Perris Benegas

Personal information
- Full name: Perris Benegas
- Born: July 22, 1995 (age 30) Reno, Nevada, U.S.
- Spouse: Mikaela Herres ​(m. 2025)​

Sport
- Country: United States
- Sport: Freestyle BMX, Dirt jumping

Medal record
Women's BMX
Representing United States
Olympic Games
| Silver medal – second place | 2024 Paris | Freestyle |
Urban World Championships
| Gold medal – first place | 2018 Chengdu | Freestyle Park |

= Perris Benegas =

American bicycle motocross rider (born 1995)

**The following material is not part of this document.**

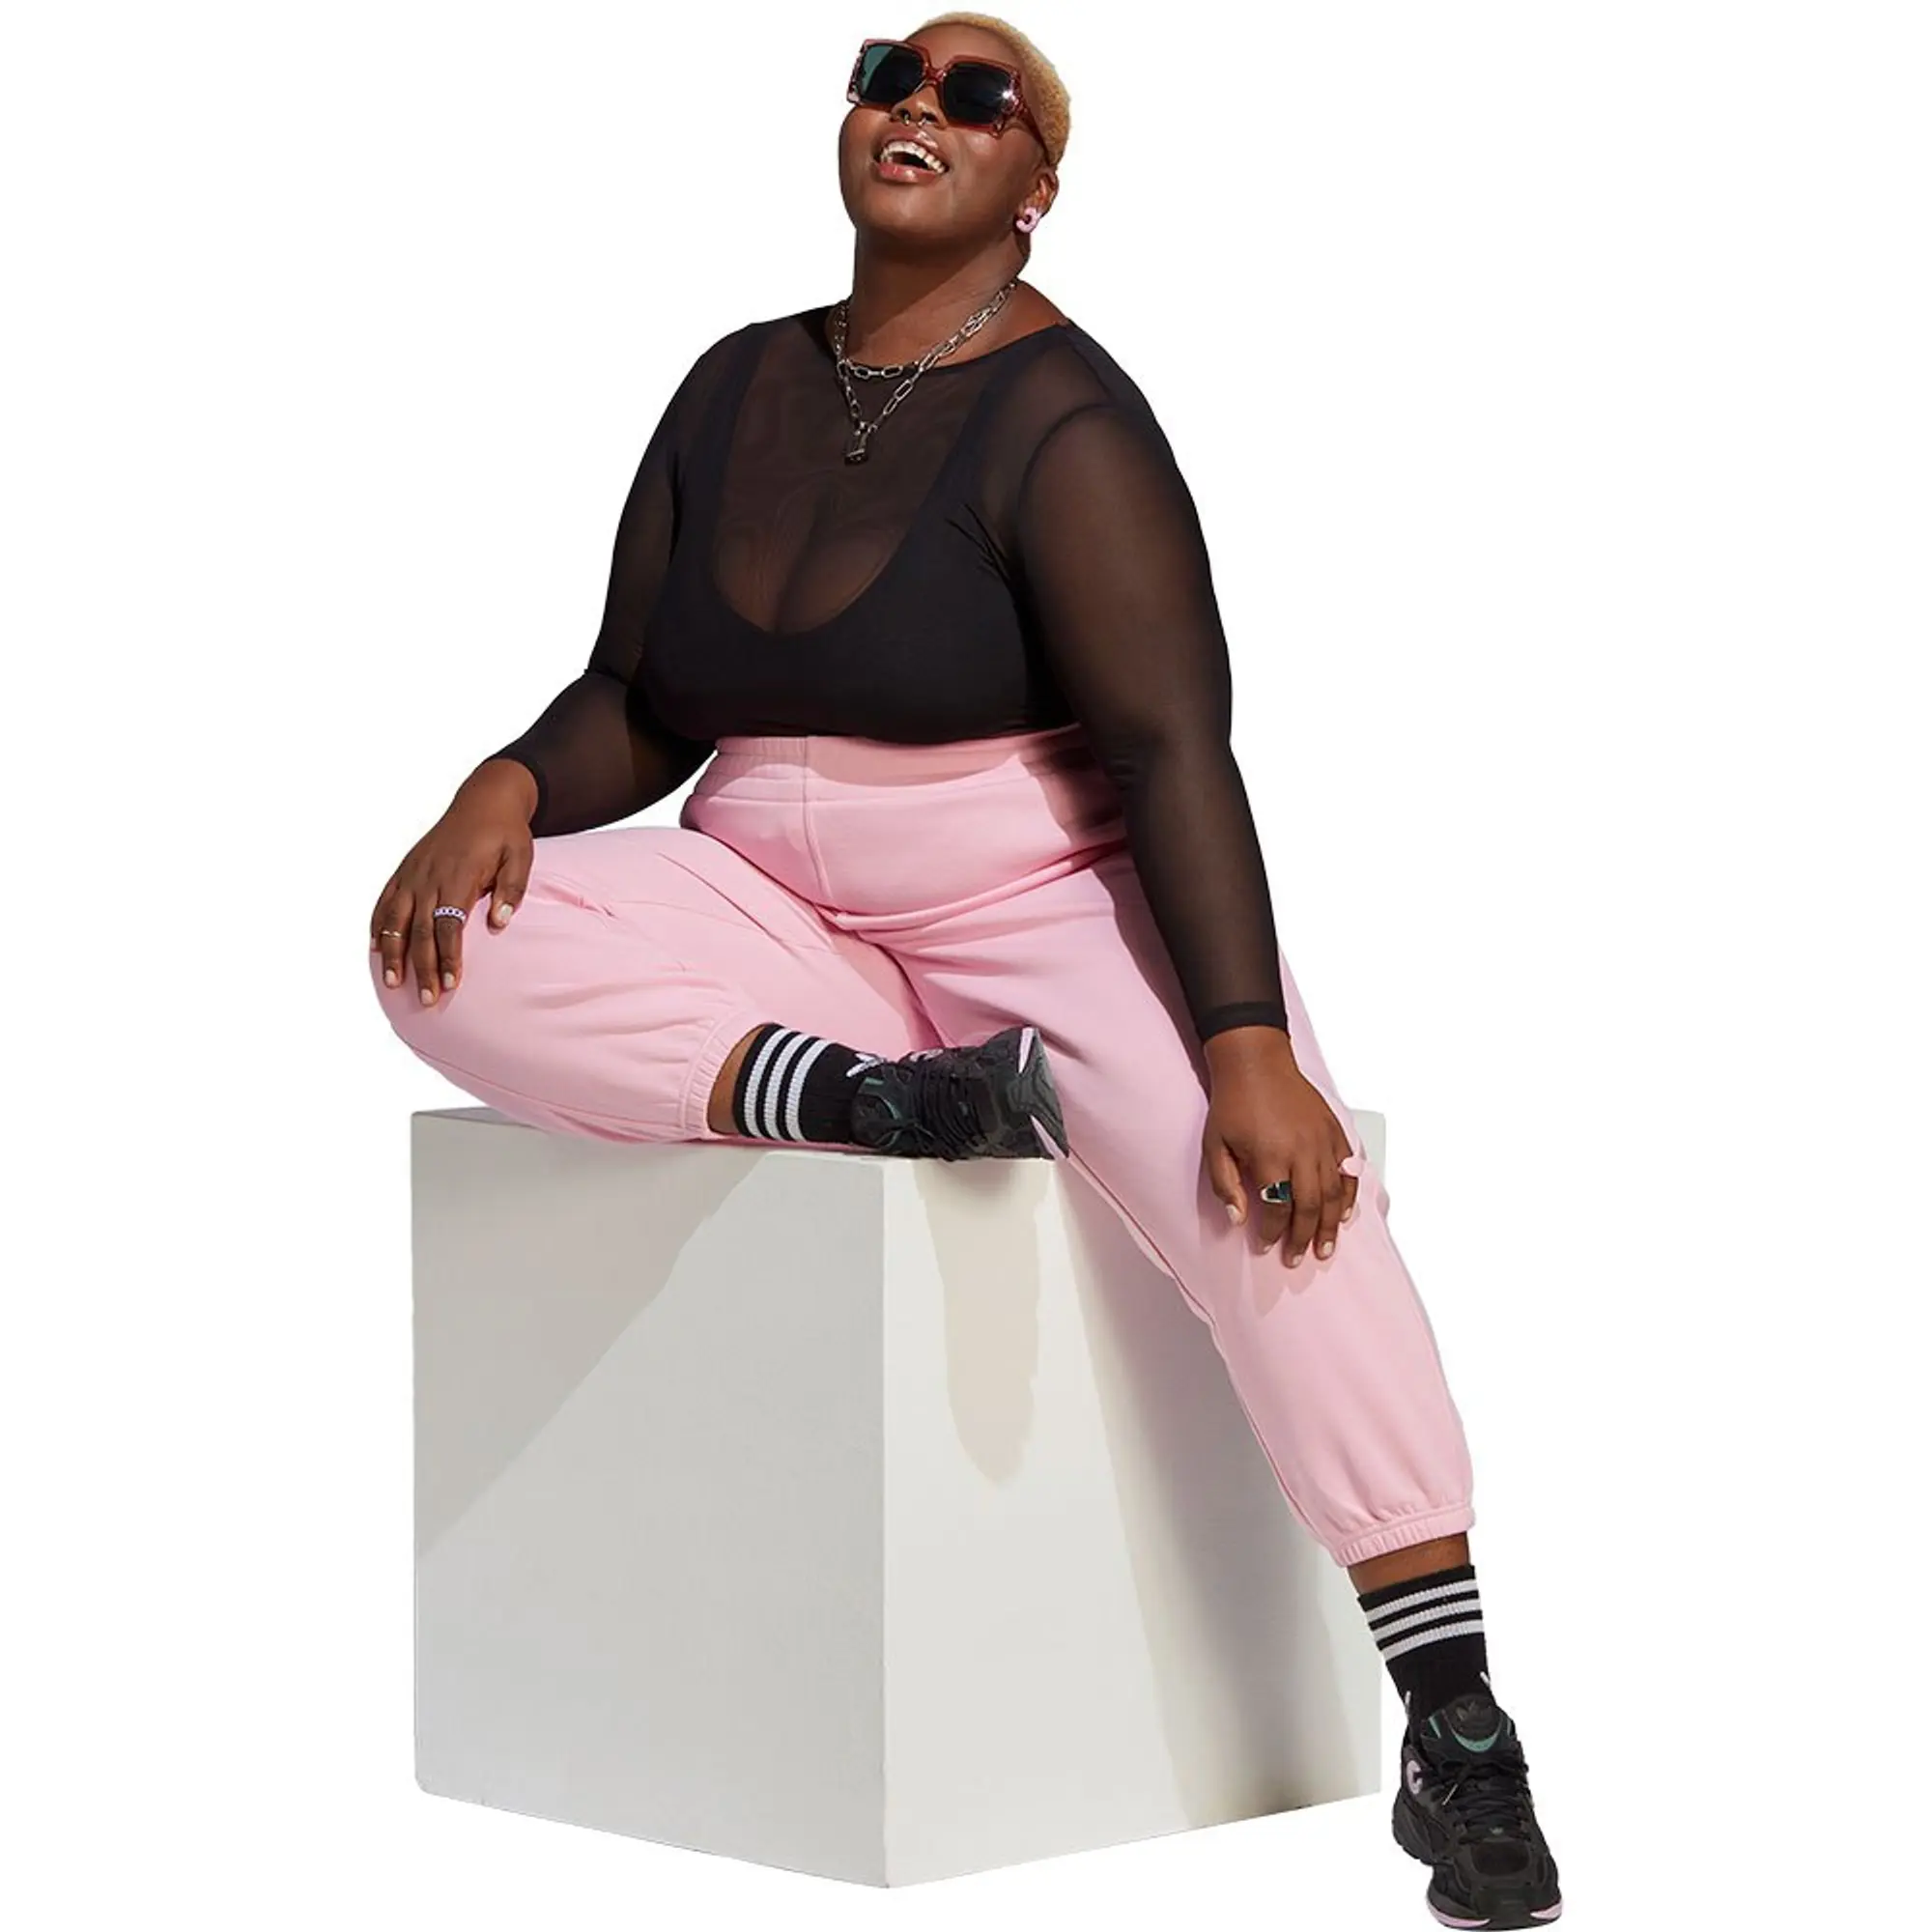 adidas Originals Adicolor Pants - Plus Size - Pink, Pink
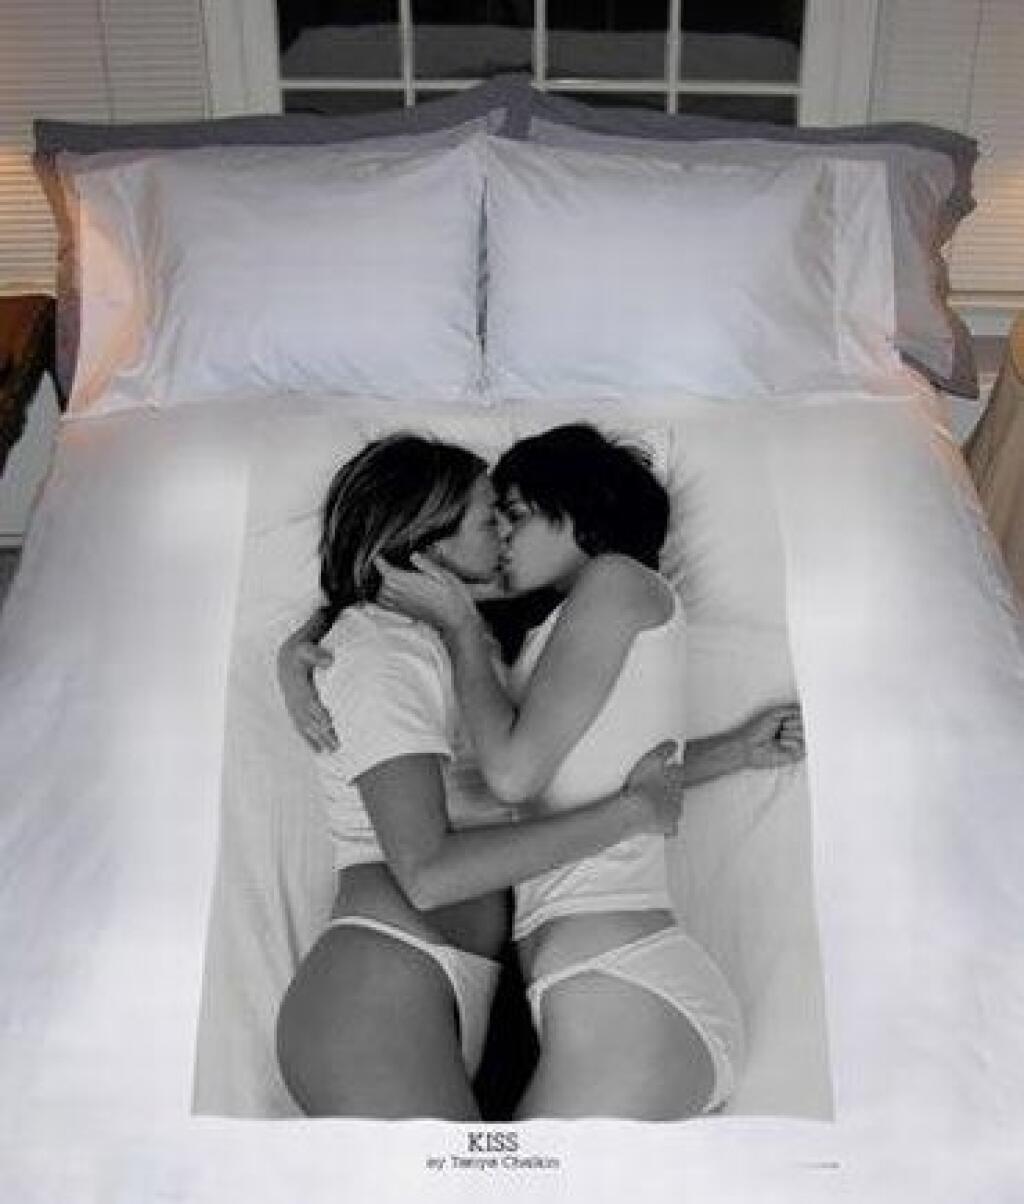 лесби целуются в постели фото 78

Perris Benegas (/ˈpɛrɪs bəˈnɛgəs/ PERR-iss-_-bə-NEG-əs; born July 22, 1995) is an American freestyle BMX cyclist. She won a silver medal at the 2024 Summer Olympics.

==Career==
In 2018, Perris won the gold medal in Freestyle BMX park at the UCI Urban Cycling World Championships in Chengdu, China, with two other American women, Angie Marino and Hannah Roberts, taking second and third. She was named 2020 Bloom BMX Freestyle Rider of the Year.

=== Olympic Games ===
Benegas competed for the United States at the 2020 Summer Olympics in the first ever BMX Freetyle Park event. She came second in the seeding round behind teammate Hannah Roberts. The next day Benegas finished forth in the final, just 0.70 away from the bronze medal.

After suffering a anterior cruciate knee ligament injury that required surgery in June 2023, she returned to competition in May 2024. She won a silver medal in Women's BMX freestyle at the 2024 Summer Olympics on July 31, 2024. Benegas provisionally placed forth after the first final run and improved to 90.70 to finish second in the competition behind China's Deng Yawen.

== Competitive history ==
All results are sourced from the Union Cycliste Internationale.

As of August 6, 2024:

===Olympic Games===

| Event | Freestyle Park |
|---|---|
| JPN 2020 Tokyo | 4th |
| FRA 2024 Paris | Silver |

===UCI Cycling World Championships===

| Event | Freestyle Park |
|---|---|
| CHN 2018 Chengdu | Gold |
| CHN 2019 Chengdu | 8th |
| FRA 2021 Montpellier | 4th |
| UAE 2022 Abu Dhabi | 7th |

===UCI BMX Freestyle Park World Cup===

| Season | 1 | 2 | 3 | 4 | Rank | Points |
|---|---|---|---|---|---|---|
| 2022 | MON — | BRU 2 | GOL 4 |  | 5 | 1670 |
| 2023 | DIR 2 | MON 4 | BRU — | BAZ — | 5 | 1590 |

==Personal life==
From Reno, Nevada, she graduated from Edward C. Reed High School and has a background in Muay Thai fighting. She lives with Kiah, her Golden Retriever dog in Raleigh, North Carolina.

Benegas is openly gay, and she married Mikaela Herres on July 19, 2025.